Inspector General report says Federal Bureau of Investigation agent called Martin O'Malley a 'douche'

Inspector General report says Federal Bureau of Investigation agent called Martin O'Malley a 'douche'

The long-awaited report faulted the Federal Bureau of Investigation and its former director James Comey over the handling of the Hillary Clinton email probe in 2016 - and concluded that two agents working under Comey showed a "willingness to take official action to impact" Trump's election chances.

Inspector General Michael E. Horowitz concluded that in the thousands of texts, Strzok and Page were critical of both candidates and "brought discredit to themselves and sowed doubt about the FBI " in its handling of the Clinton and then the Russian Federation investigations.

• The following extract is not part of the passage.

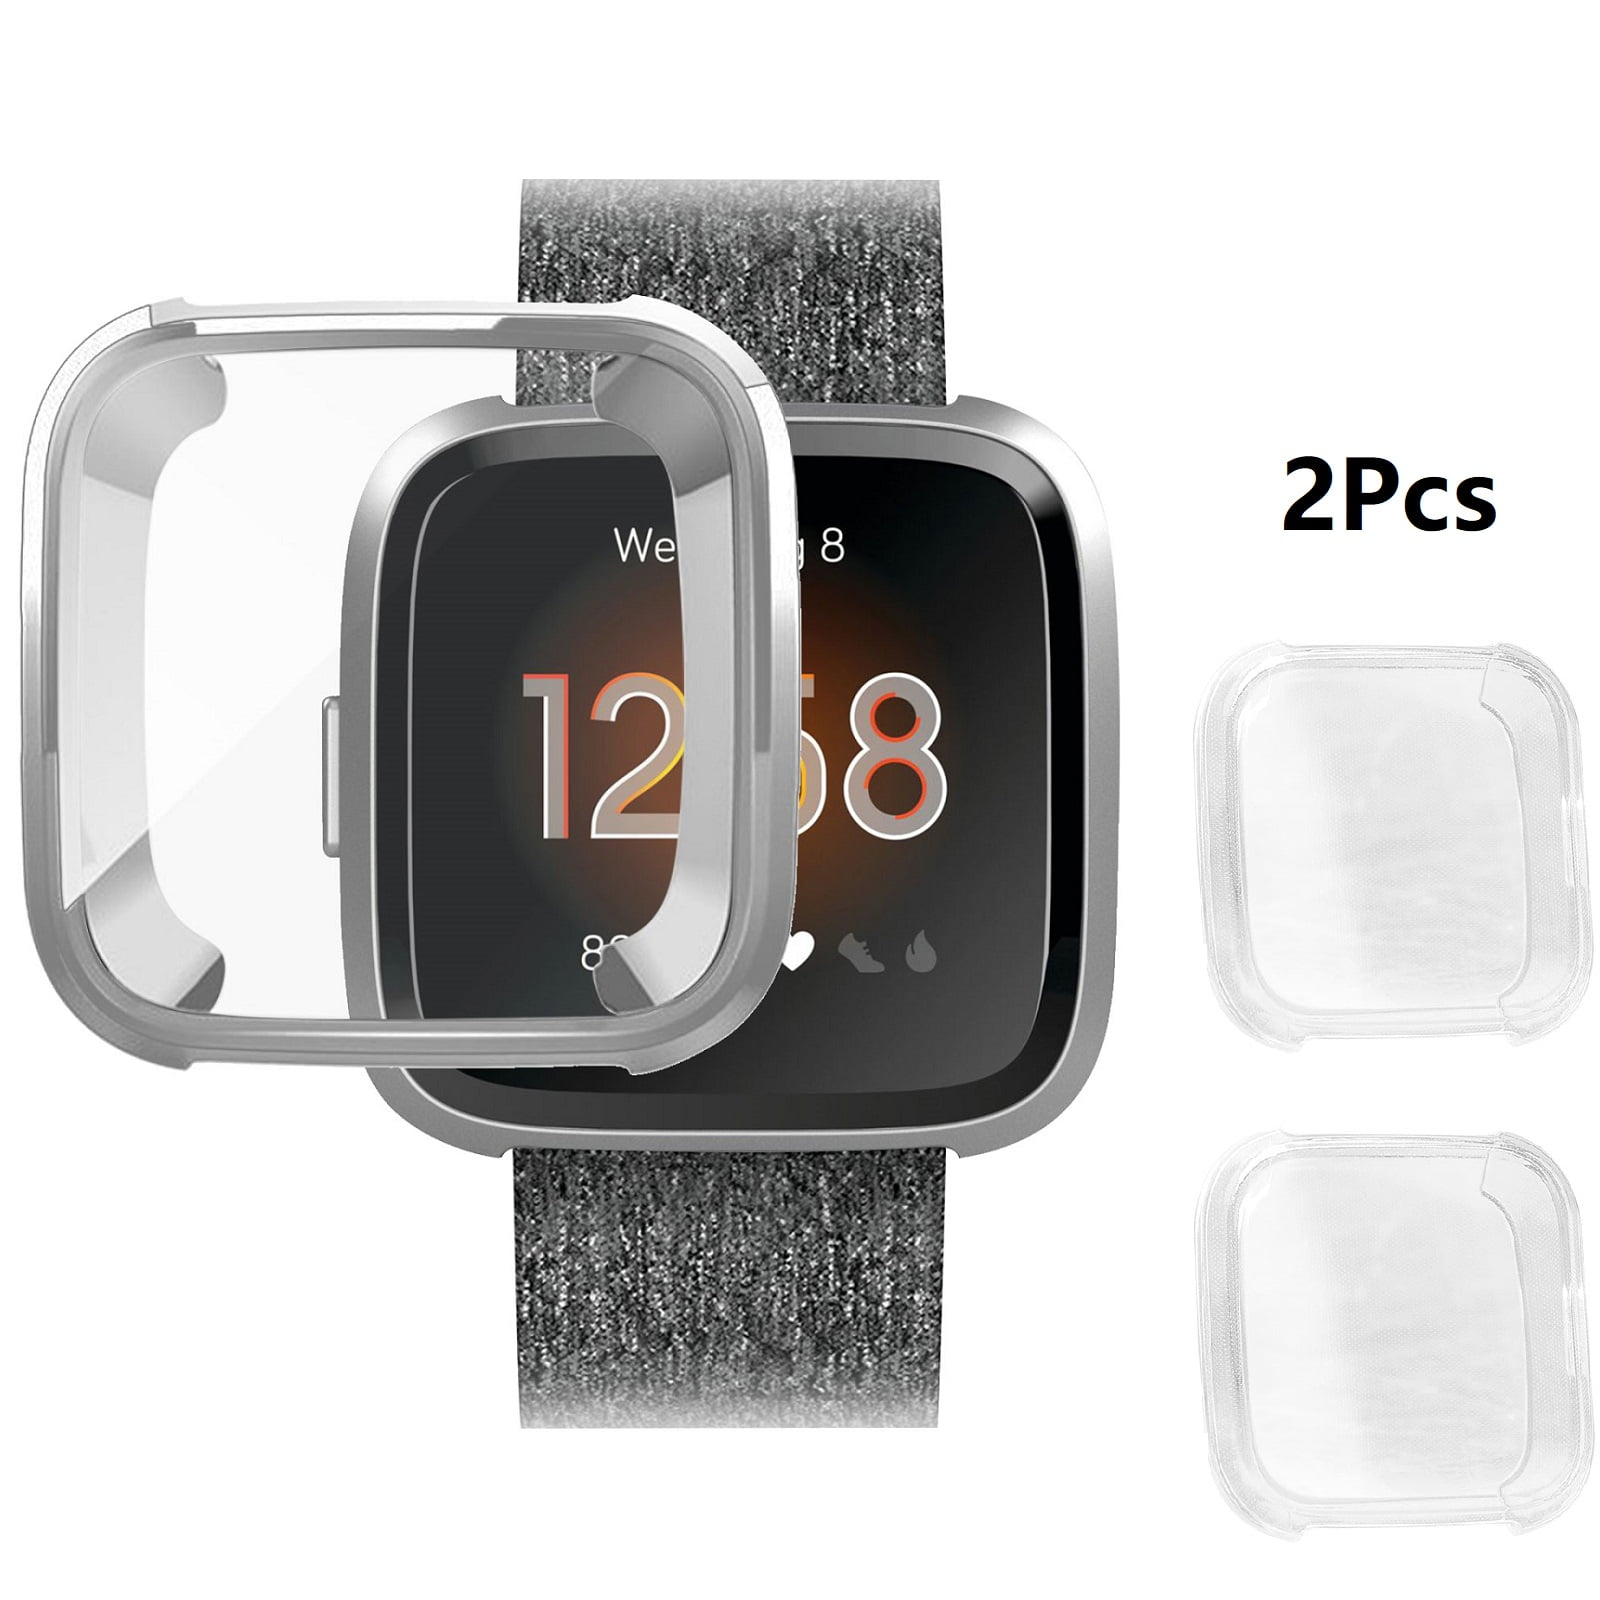 Silicone Protective TPU Shell Case Screen Protector Frame Cover for Fitbit Versa

Democrats said it confirmed political bias did not influence the Clinton investigation, while Republicans seized on a newly disclosed text by an FBI agent in mid-2016 expressing his apparent intention to "stop" the Trump campaign.

Trump and his allies have used the texts as ammunition in their ongoing attacks on the special counsel, who is leading the FBI investigation into possible collusion between the Trump campaign and the Kremlin as well as potential obstruction of justice on the part of the president. "The text was in response to one from Page in which she wrote, "[Trump's] not ever going to become president, right? "We'll stop it", Mr Strzok responded. That investigation, now led by Mueller, is also looking into whether Trump obstructed justice. Both Strzok and Page worked on the Clinton probe.

Comey defended his actions in a piece published by the New York Times on Thursday, writing: "Nothing in the inspector general's report makes me think we did the wrong thing". I assume that he contemplated stopping Trump by leaking damaging (whether true or false) information gleaned from that investigation to the press. Later, he told other reporters that "Comey was the ring leader of this whole, you know, den of thieves".

Former FBI Director James Comey (left) testifies during a US Senate Select Committee on Intelligence hearing on Capitol Hill in Washington, DC, June 8, 2017. "Unfortunately, over the past year, the DOJ has repeatedly fought requests by Congress to produce documents related to this investigation, and when the DOJ actually provided documents, the materials have been heavily redacted".

Mr Trump said that Mr Comey's replacement, Christopher A Wray, "will bring it proudly back!"

Texts between the two included their observations of the 2016 election and criticism of Trump.

"The inspector general's team went through the FBI's work with a microscope and found no evidence that bias or improper motivation affected the investigation", he said.